There was never a moment when he was not, but there was a time when he grew before us.
It wasn’t whether he had beauty or not, for certainly, he did. Rather, it was what we were able to recognize. We didn’t see it. And not just ourselves but the entire generation. None of us saw the beauty. There wasn’t a single one of us who desired him.
It was not neutral either. So great was our lack of desire, that it became hate. We despised him and in fact, so little did we think of him, we felt we could treat him however we wanted.
He became a worm to us, to be trampled underfoot. A root out of dry ground, always stepped over, never to be watered.
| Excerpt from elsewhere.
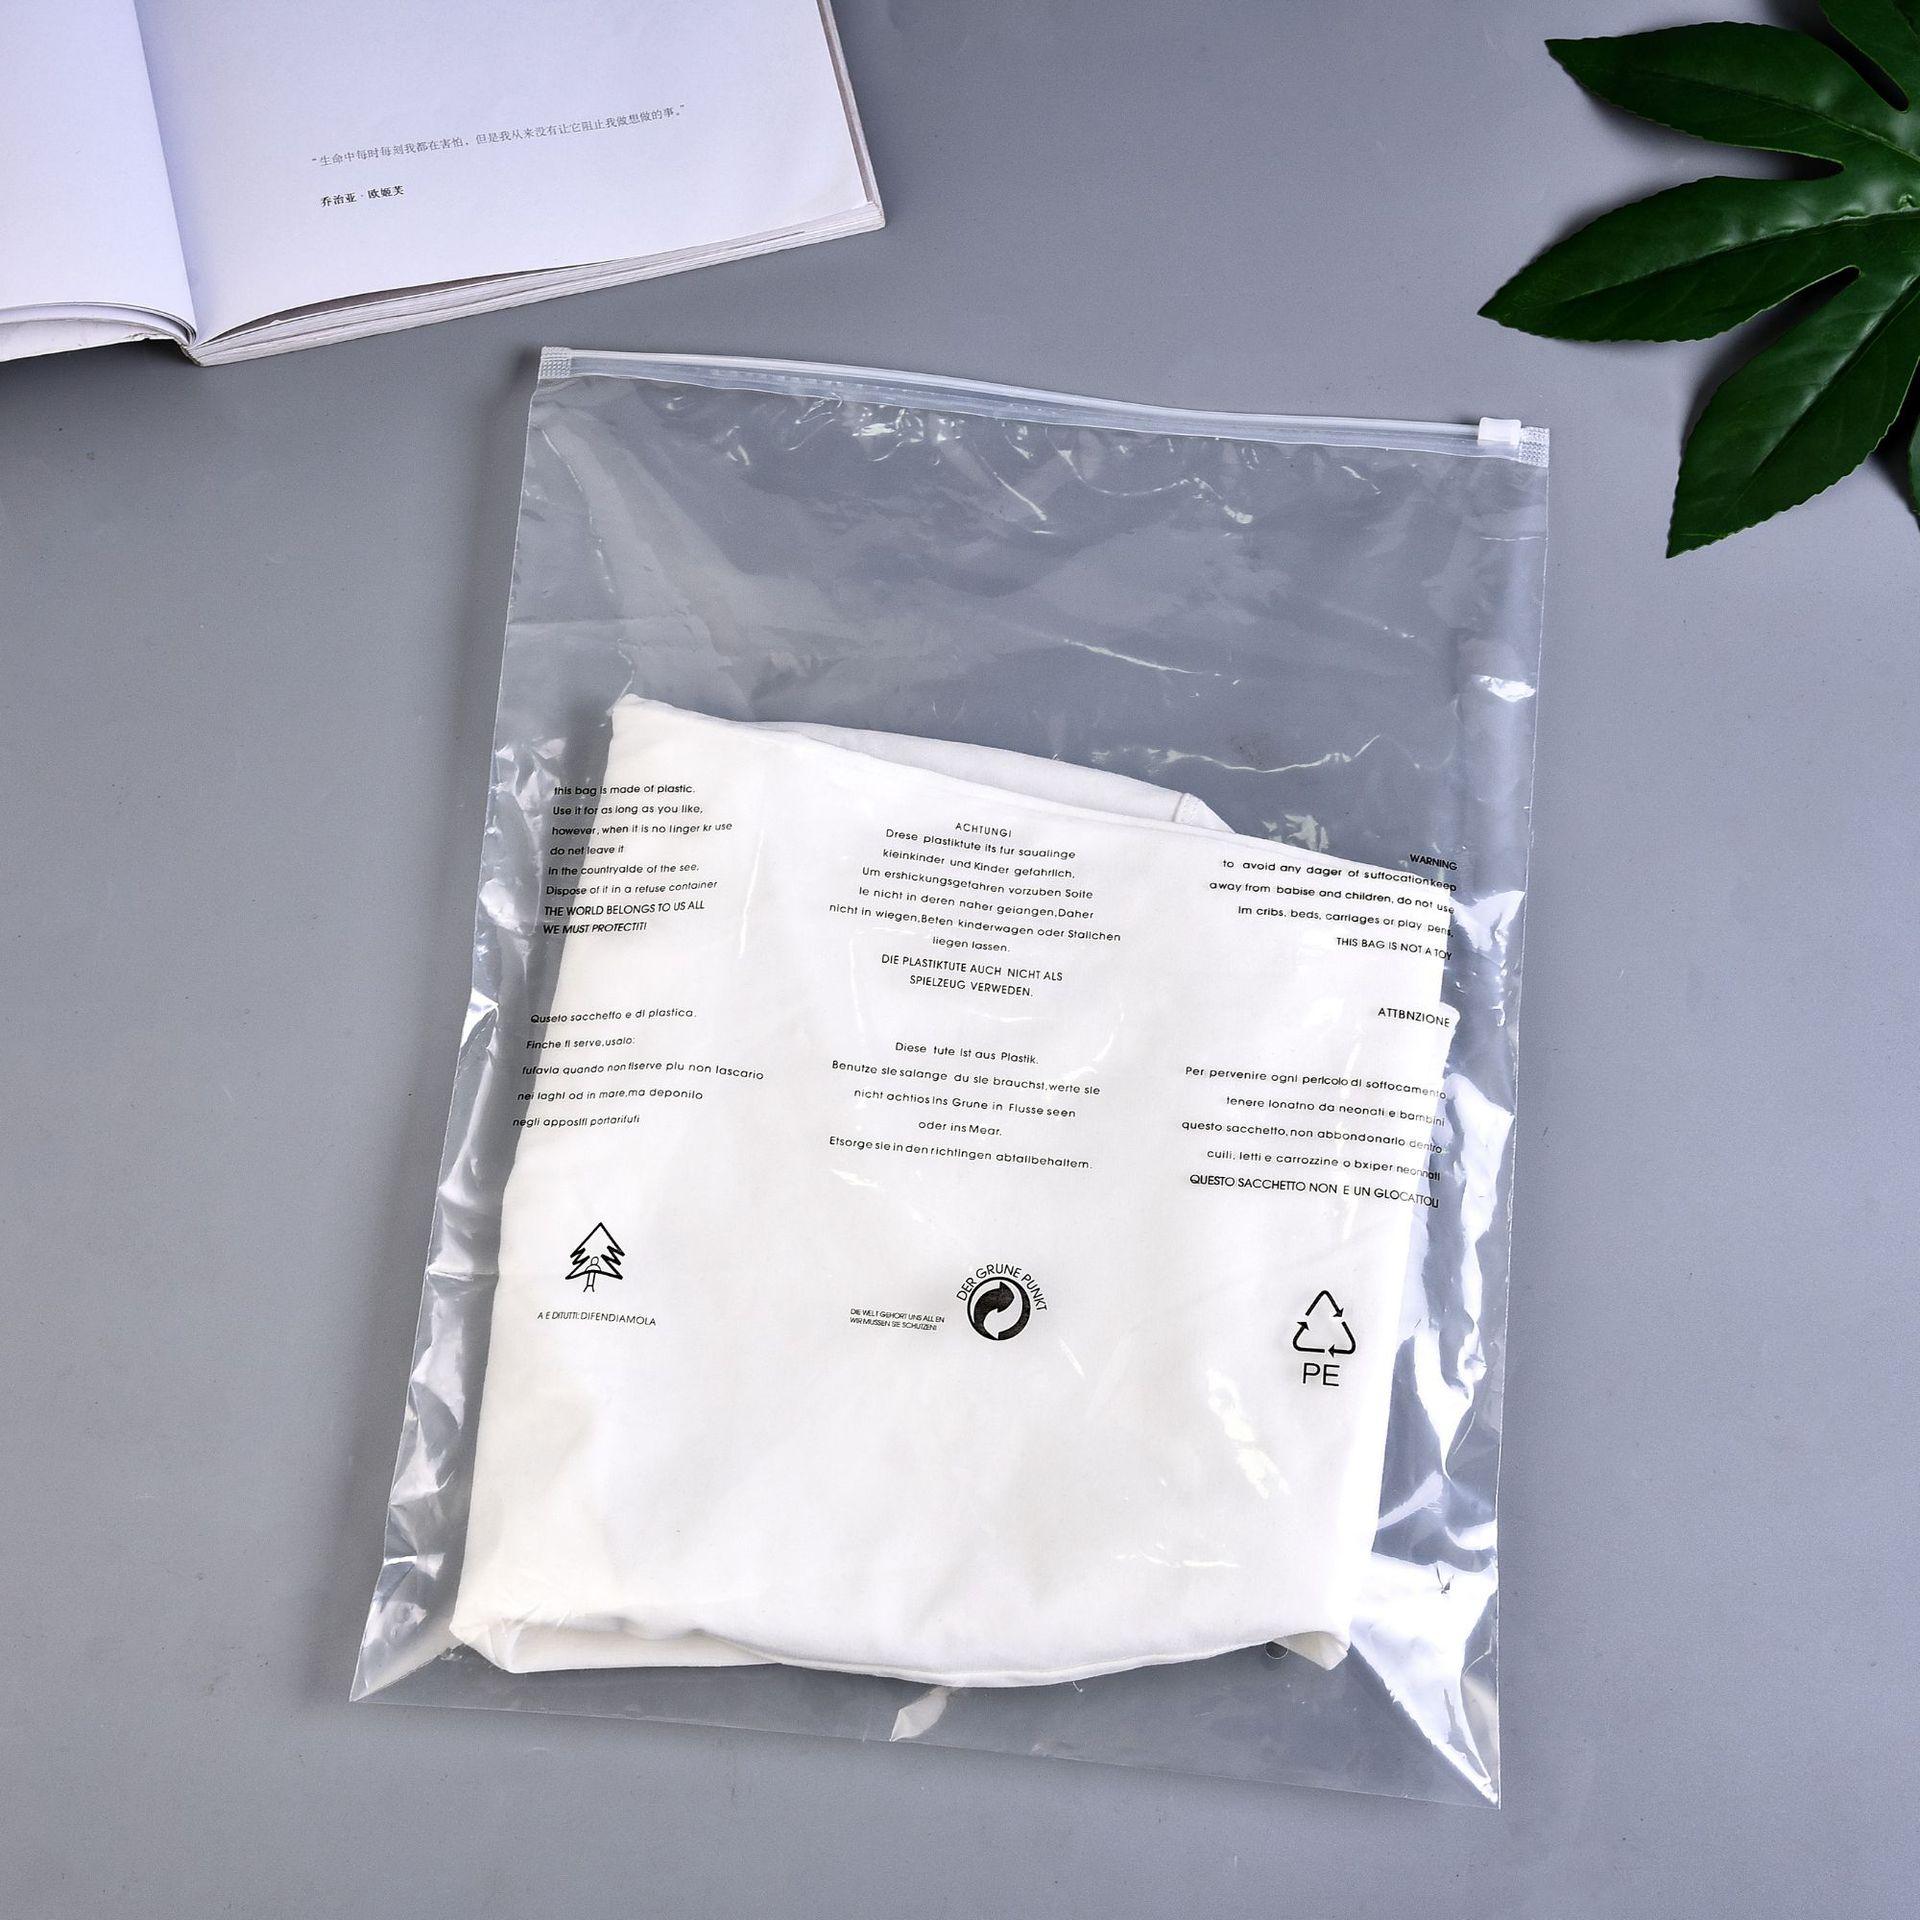 PE透明警示语拉链袋T恤内衣裤文胸袜子包装袋 ZARA标现货可定制7.00元包邮

This was how we thought of him whenever we saw him - completely despised, utterly rejected. And as such, a song was written, sung each time he passed by:
Oh, man of sorrows, acquainted with grief;
From you our faces we hide, all of you we loathe and despise.
Some blamed his condition on God, some on the devil, others knew not what made him so detestable, they just knew for certain that he was born to be stricken, smitten, and afflicted.
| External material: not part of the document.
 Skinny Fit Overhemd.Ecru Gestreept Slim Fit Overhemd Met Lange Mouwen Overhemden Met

He carried about in his body this hate, bearing the grief. So intense was this sorrow that it would roll down his face as tears and sweat from his forehead as blood. Yet, even in all of this, he opened not his mouth.
Eventually, our feelings of hatred turned, as they always do, into actions of violence.
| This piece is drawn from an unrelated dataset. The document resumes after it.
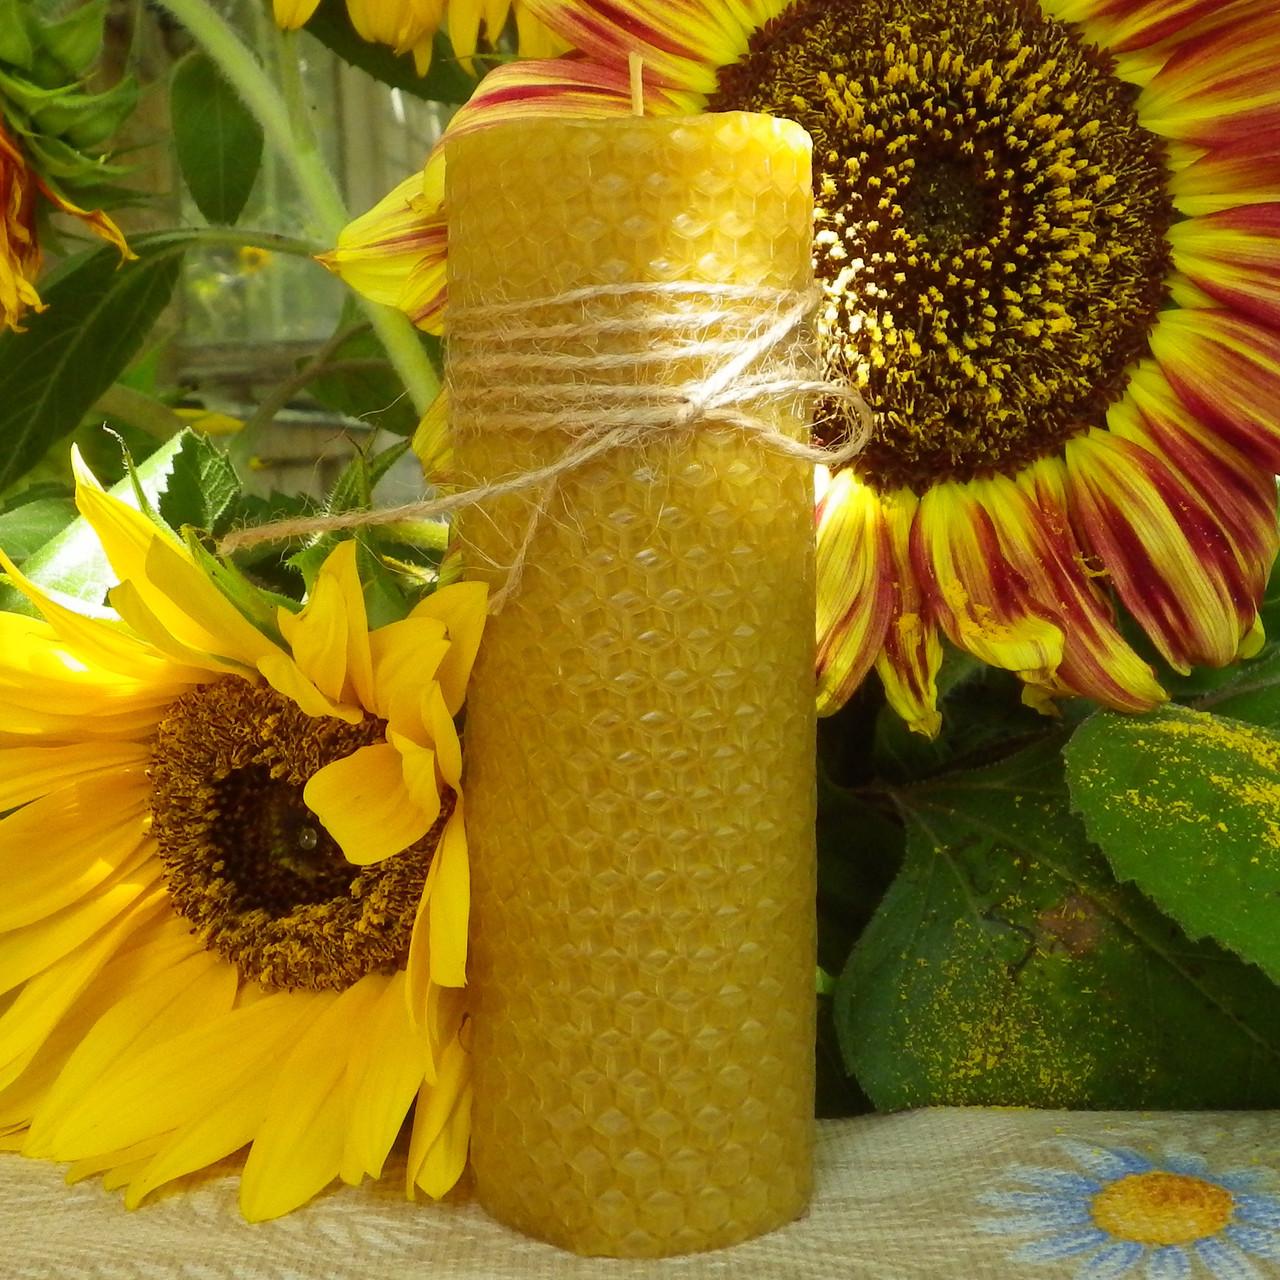 Цилиндрическая восковая свеча D30-70мм из натуральной вощины (натуральный пчелиный воск)

This innocent one led as a lamb to the slaughter. And just as a lamb is silent before its shearers, so too he opened not his mouth.
As he was wounded, he opened not his mouth. As he was bruised, he opened not his mouth. As the Lord crushed him severely, he opened not his mouth. And even as he was cut off from the land of the living, he opened not his mouth.
In all these things, never once did he open his mouth demanding to be esteemed, asking to be set free, or calling out for deliverance that surely would have come if only he had spoken.
And yet even as he stayed silent, another song was being sung:
Worthy is the lamb, for you were slain;
and by your blood, you ransomed people for God.
From every tribe and tongue, you have saved them;
And by your stripes, we are healed.
“About whom, I ask you, does the prophet say this, about himself or about someone else?”
Then Philip opened his mouth, and beginning with this Scripture, he told him the good news about Jesus.
“He was led as a sheep to the slaughter;
And as a lamb before its shearer is silent,
So He opened not His mouth.”
As we hear this story of one who stayed silent, let us today open our mouths and confess - Jesus is Lord.
Let us believe in our hearts that God raised this silent lamb from the dead.
And let us, from this day forward, “Walk in the light as He is in the light.” Knowing that, “The blood of Jesus Christ His Son cleanses us from all sin.”